Shoreside Power from Optimised Hydrogen Lifecycle (SPOHL)
Shoreside Power from Optimised Hydrogen Lifecycle (SPOHL) is an ultra-efficient, zero-emission system for cold-ironing with long-duration, bulk energy storage to balance the seasonal variation in renewable energy systems. This enables it to be an entirely stand-alone system with no need for a grid-connection. It brings together novel technologies that cover the entire Hydrogen value chain from production to end use.
A solar PV system (Cranfield) provides power for vessels to cold-iron when at berth. During long periods when supply exceeds demand, surplus electricity is fed through a high-efficiency (99%) DC-DC converter (Hywaves) to an electrolyser which produces hydrogen which is fed to low-cost, 2-stage, multi-organic-framework (MOF)-enabled storage (Rux). During long periods when demand exceeds supply hydrogen is supplied to a high-efficiency (70% brake thermal efficiency) internal combustion engine-based generator (Carnot) which provides the electricity for cold-ironing. A small-scale, high C-rating battery is also incorporated in the for managing sudden load changes / peak shaving.

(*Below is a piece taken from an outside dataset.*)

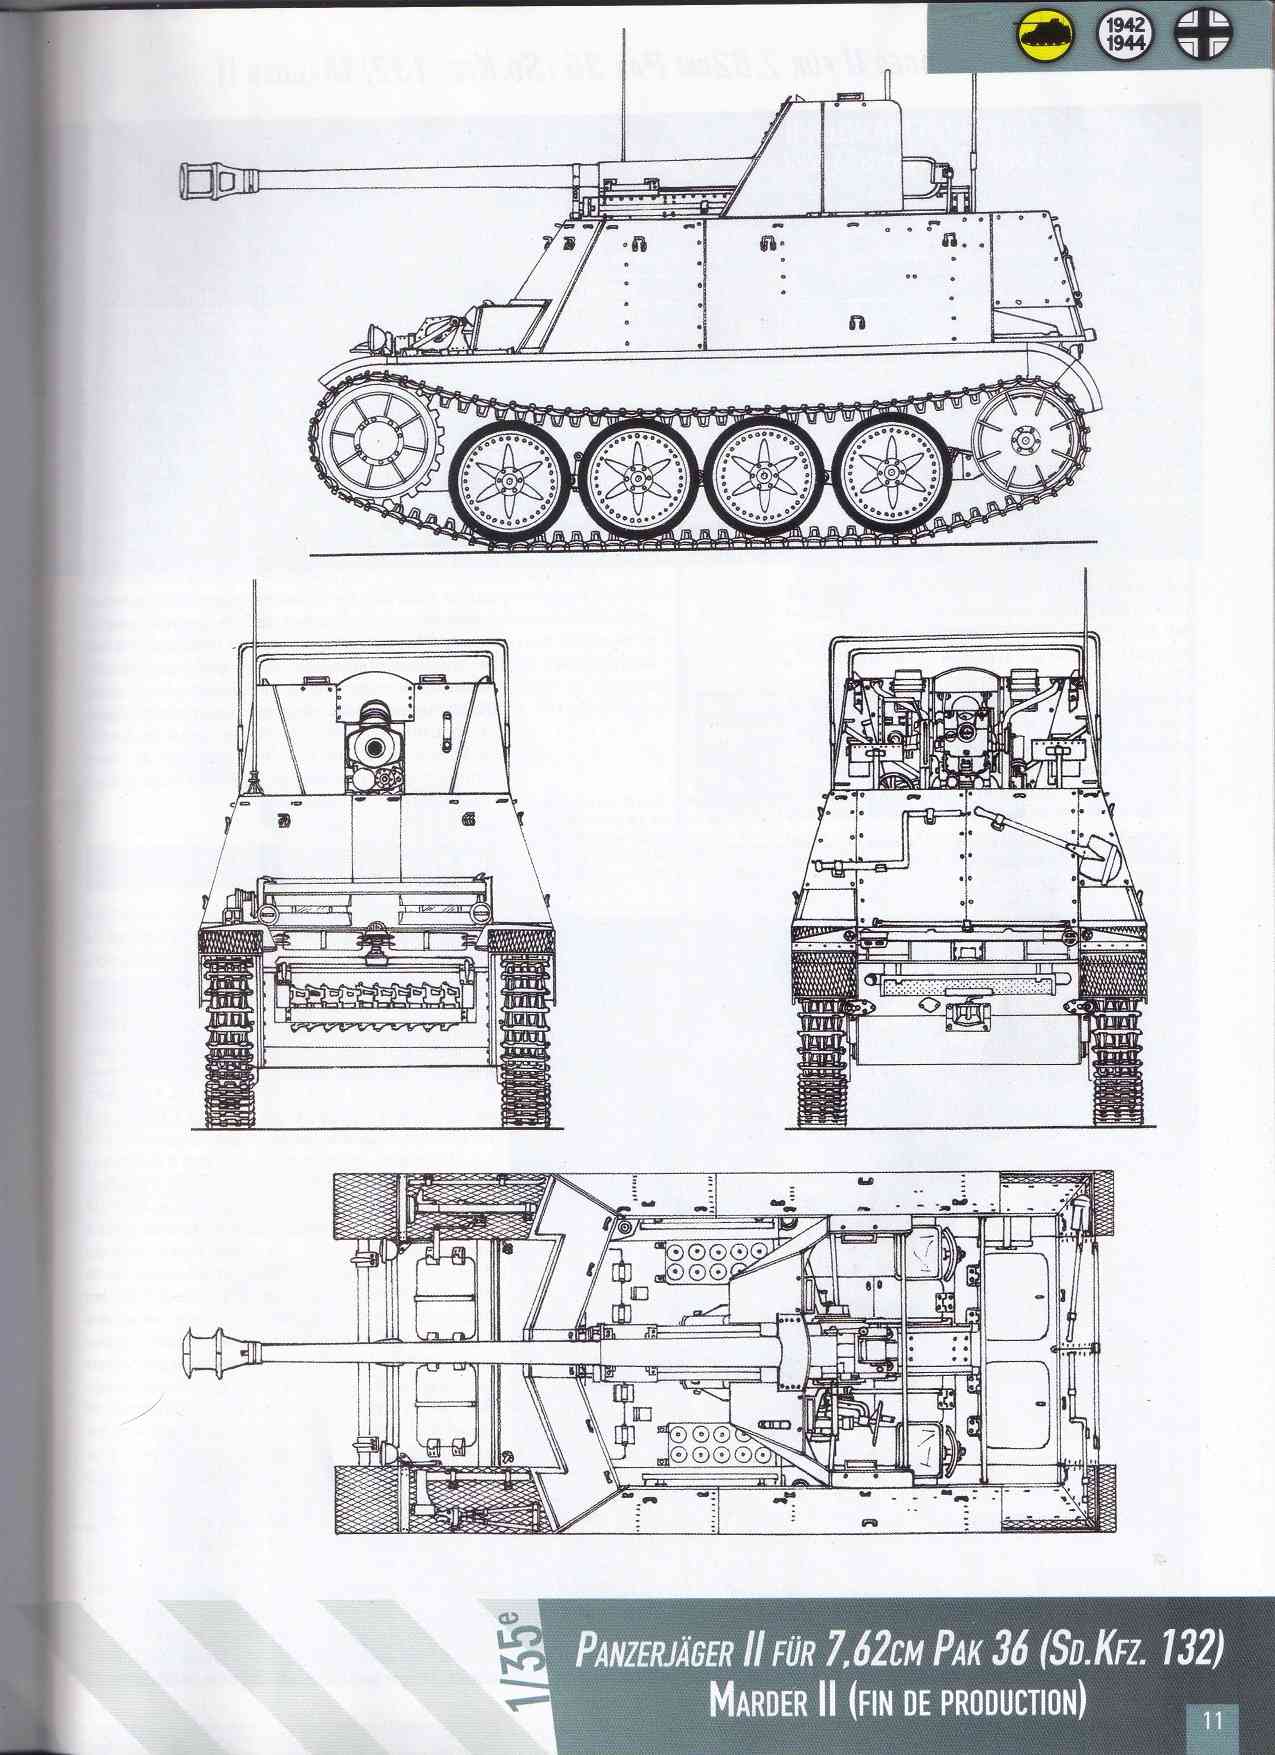 Le "Panzerjäger II für 7,62cm Pak 36 Marder II" Marder16
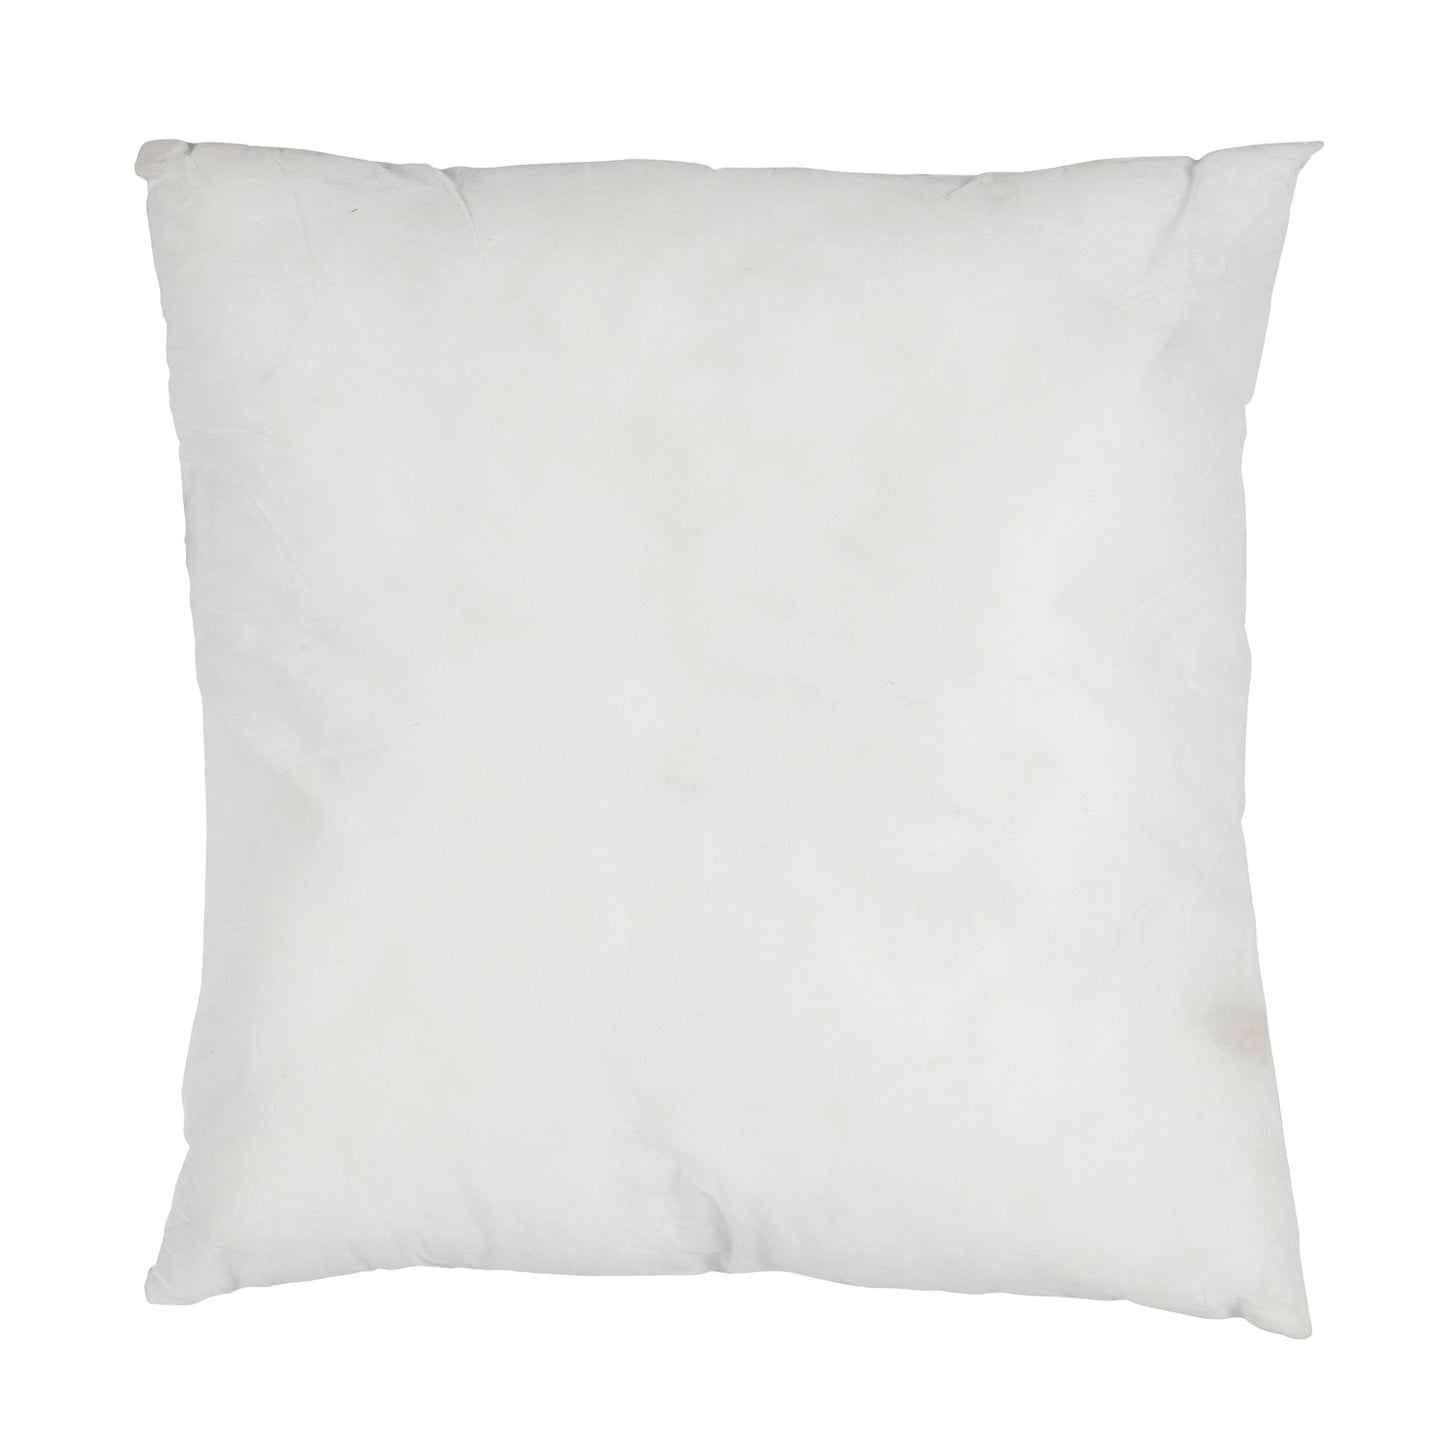 Indoor/Outdoor Pillow Form

The project targets the specific themes of "shoreside storage and bunkering of low and zero carbon fuel" and "charging infrastructure and management for electric vessels", "shore power solutions, such as enabling docked vessels to turn off their conventional power supply for ancillary systems", "shoreside renewable energy generation at the port to supply vessels", and "low carbon fuel production, such as hydrogen, methanol, ammonia".
This project will solve critical challenges of providing flexible, reliable, resilient, highly-varying electrical power supply to docked vessels, replacing power generation through operation of onboard auxiliary engines.
The project aims to showcase the best possible end-to-end electrical and cost efficiency basis for the use of hydrogen as a medium to long-term energy flow pathway, in part through lab demonstration of best-in-class hydrogen production, storage and conversion technologies (as above) but also through analysis and optimisation of potential energy flow scenarios underpinned by data collection at a number of ports (including but not limited to Belfast, Felixstowe, Rochester).
In order to support the commercial justification for SPOHL Swanbarton, Brunel, Carisbrooke and Freeport East (plus ports and port authorities) will collect & collate data, build a representative port model and optimise across energy vectors to achieve low carbon operation of shoreside assets, with SPOHL at core, harnessing on-site renewable generation from multiple sources (wind, solar, fuel cells). The modelled system will comprise storage facilities for electrical energy and hydrogen, and operation will be optimised alongside energy inputs from grid connections and external green hydrogen sources.